Since Hinkley, she has fought other battles—hexavalent chromium contamination, PFAS chemicals in drinking water near military bases and carpet factories. Each time, she builds cases from the ground up, starting with local government and town halls, demanding environmental impact reports and answers about power sources and water plans. She has confidence that lawsuits still have teeth. "They're settling for billions now," she said, "not $333 million."
The datacentre campaign has reached beyond the United States. She has been contacted by people in Australia, India, Scotland, and Ireland. Dublin already has a moratorium; by 2023, datacentres were consuming a fifth of Ireland's electricity. Seventy-nine municipalities in the US have issued moratoriums, though many face legal challenges. Georgia, Maryland, Michigan, and South Carolina have introduced pauses. These are early interventions against companies with unlimited resources. Brockovich knows the political climate is difficult—a president committed to AI and dismissive of environmental concerns. But she also knows that administrations change, and when they do, enforcement can shift dramatically. The Pentagon announced a cleanup operation for PFAS in the final days of Biden's presidency. Trump's Department of Defense has quietly delayed it; in some areas, it won't begin until 2039.
She is in her legacy phase now, she said, smiling. She has six grandchildren. She is getting too old for this. But she won't walk away until it's over. She can beat this—she just cannot beat it alone.
Notable Quotes
This feels like Hinkley on steroids— Erin Brockovich, describing the scale of AI datacentre expansion
If data centers are so great, why are they being built in secret?— Erin Brockovich, in a post on her Substack blog
The Hearth Conversation Another angle on the story
You've been fighting this for thirty years. What makes the datacentre fight different from Hinkley?

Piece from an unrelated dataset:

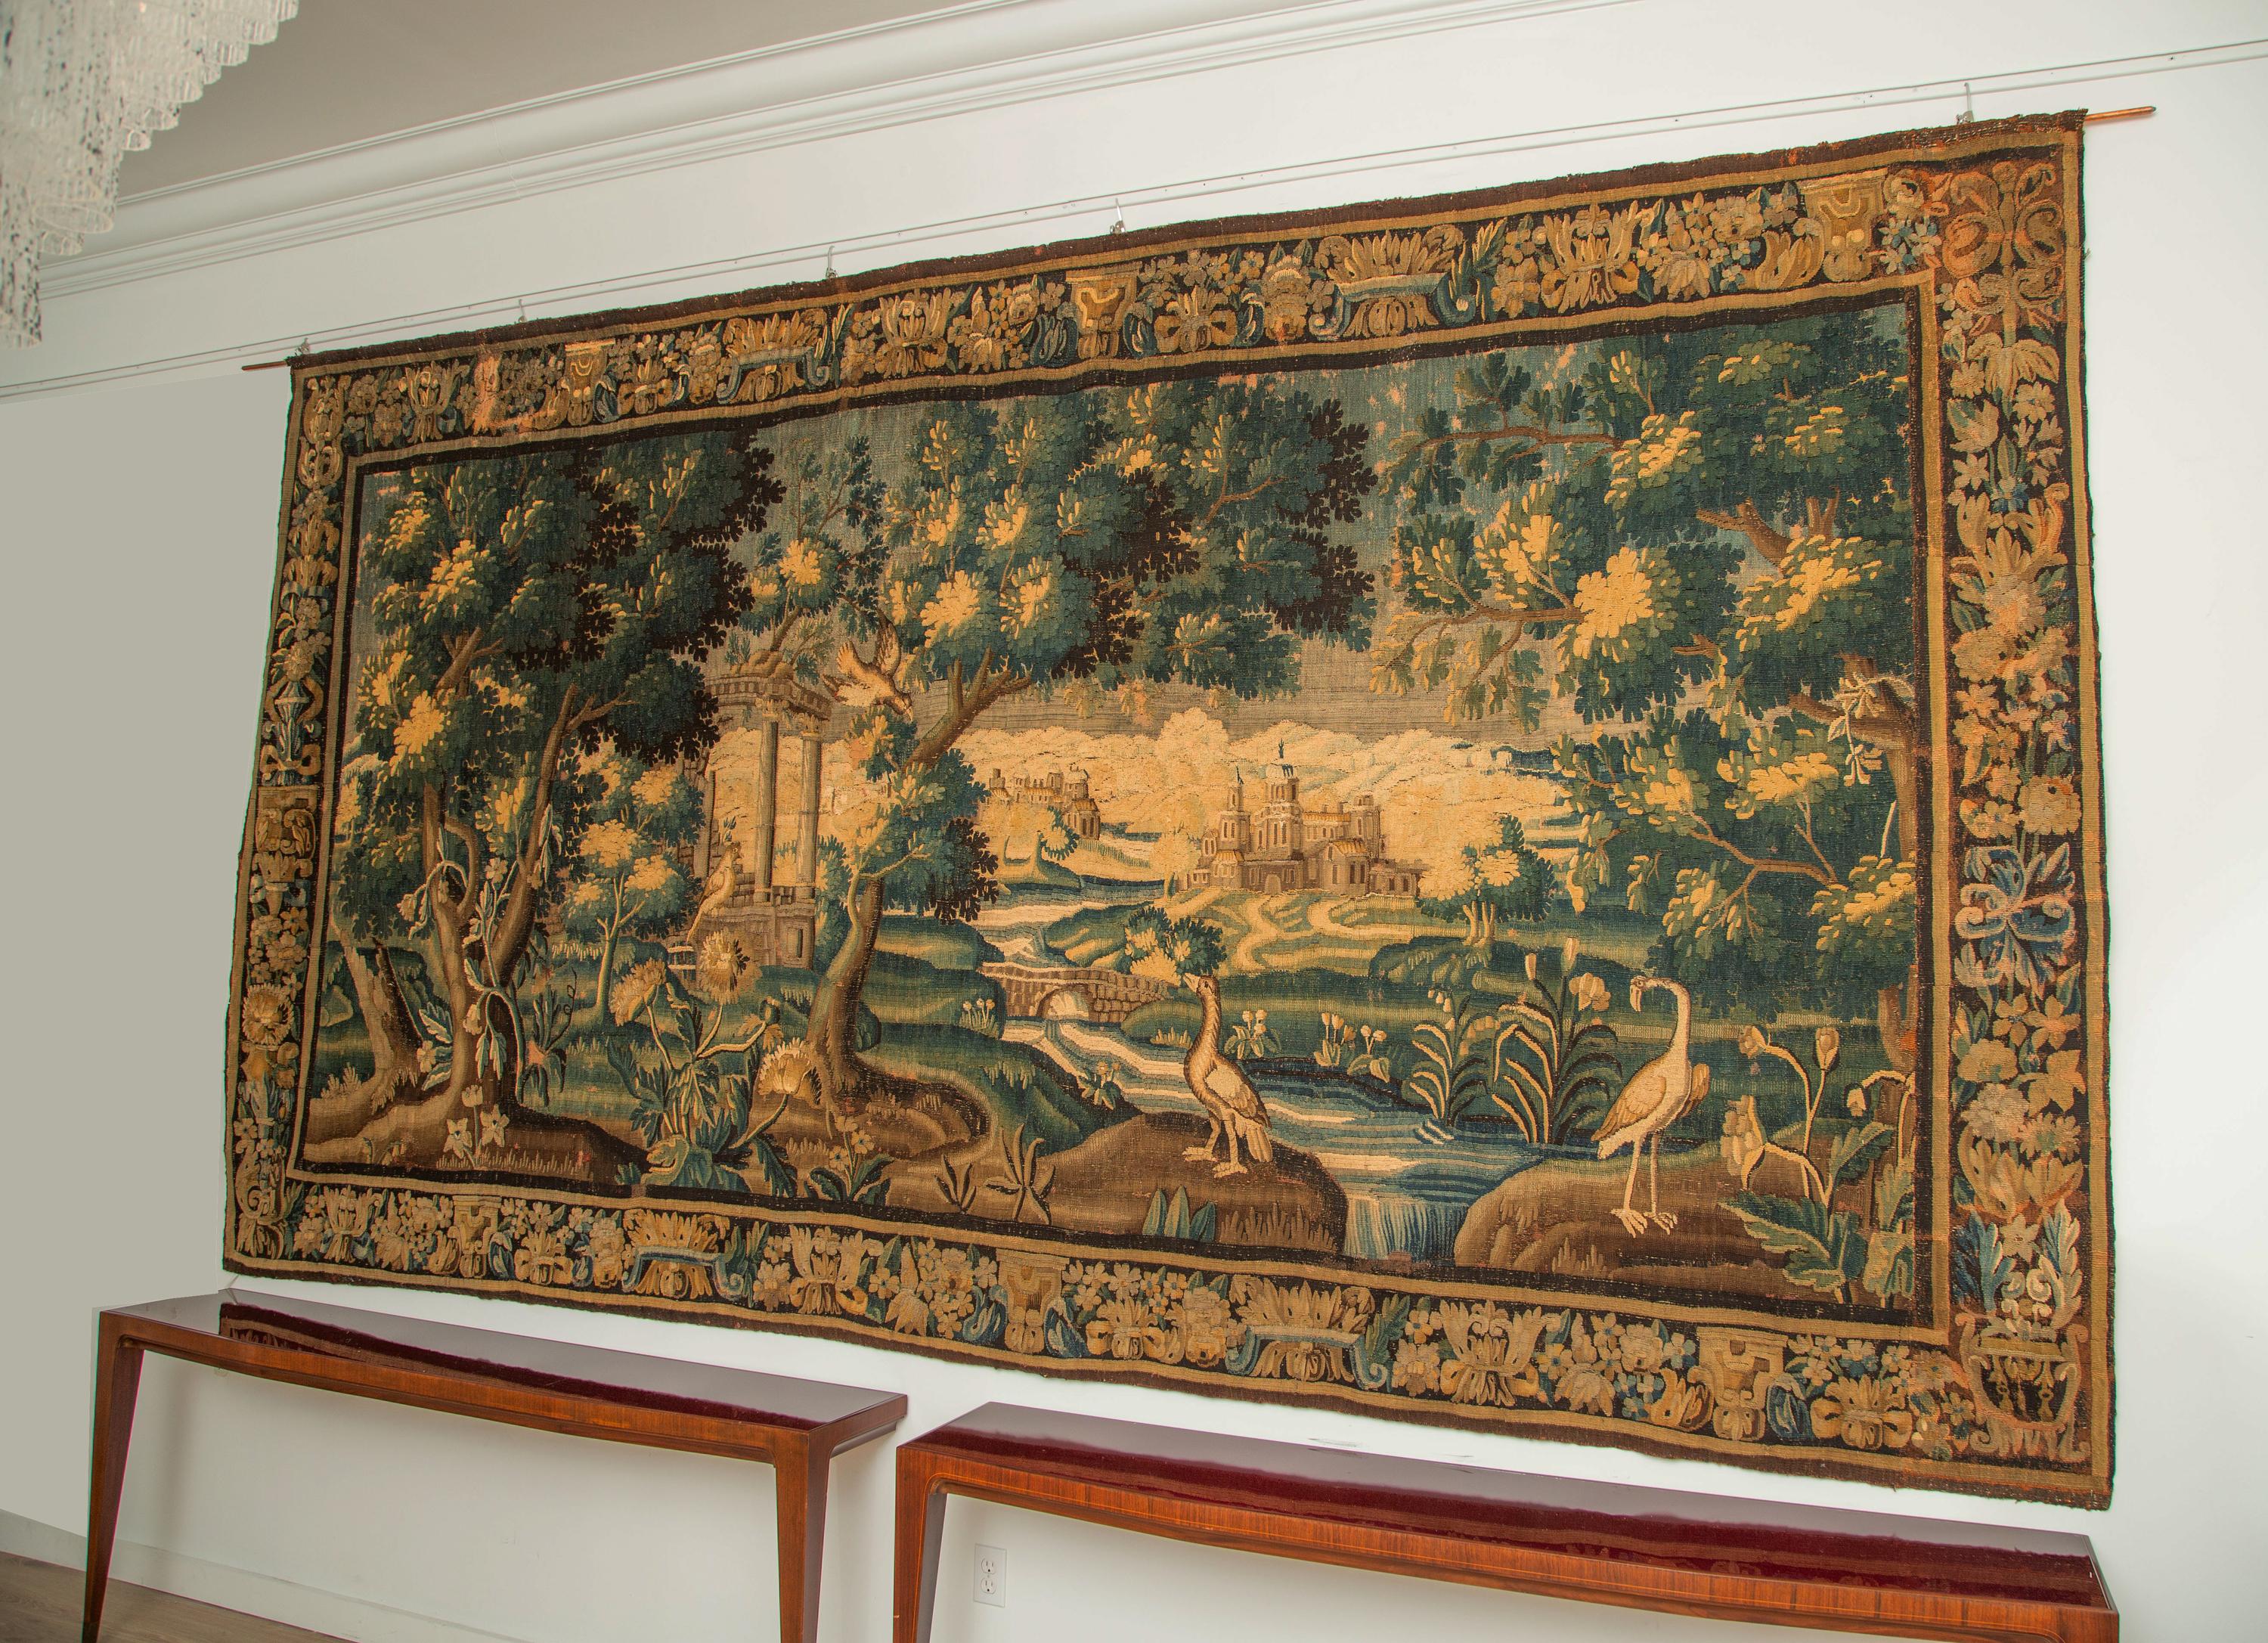 Monumental wool tapestry verdure scenery with herons and fowl in a river landscape with a village in the distance. Lined and mounted with hanging loops. Great overall condition, vivid colors and great details.

The scale. Hinkley was one town, one company, one chemical. This is happening in every state, multiple counties, rural areas, ranches, farms. And it's happening in secret. People don't even know to be angry yet.
Why secret? These are massive buildings.
Nondisclosure agreements. Zoning changes that happen without public notice. By the time people see the structure rising, it's already approved. Democracy gets skipped.
And the water problem is the core issue?
It's one of them. Two-thirds of these centres are in drought areas. A single facility uses what 50,000 people use. We don't know whose needs come first—the machines or the people.
You mentioned that corporations can't ignore a hundred organised people. Do you have that yet?
I have 7,005 reports. People are waking up. But they're scattered across the country. That's what the map is for—to show them they're not alone, that this is happening everywhere at once.
What do you actually want to happen?
Start with a moratorium on new approvals. Then environmental impact assessments. Then town halls where people have a real voice. Get the information out. Let communities decide if this is what they want.
And if the companies sue for $100 million?
Then we sue back. And we win bigger.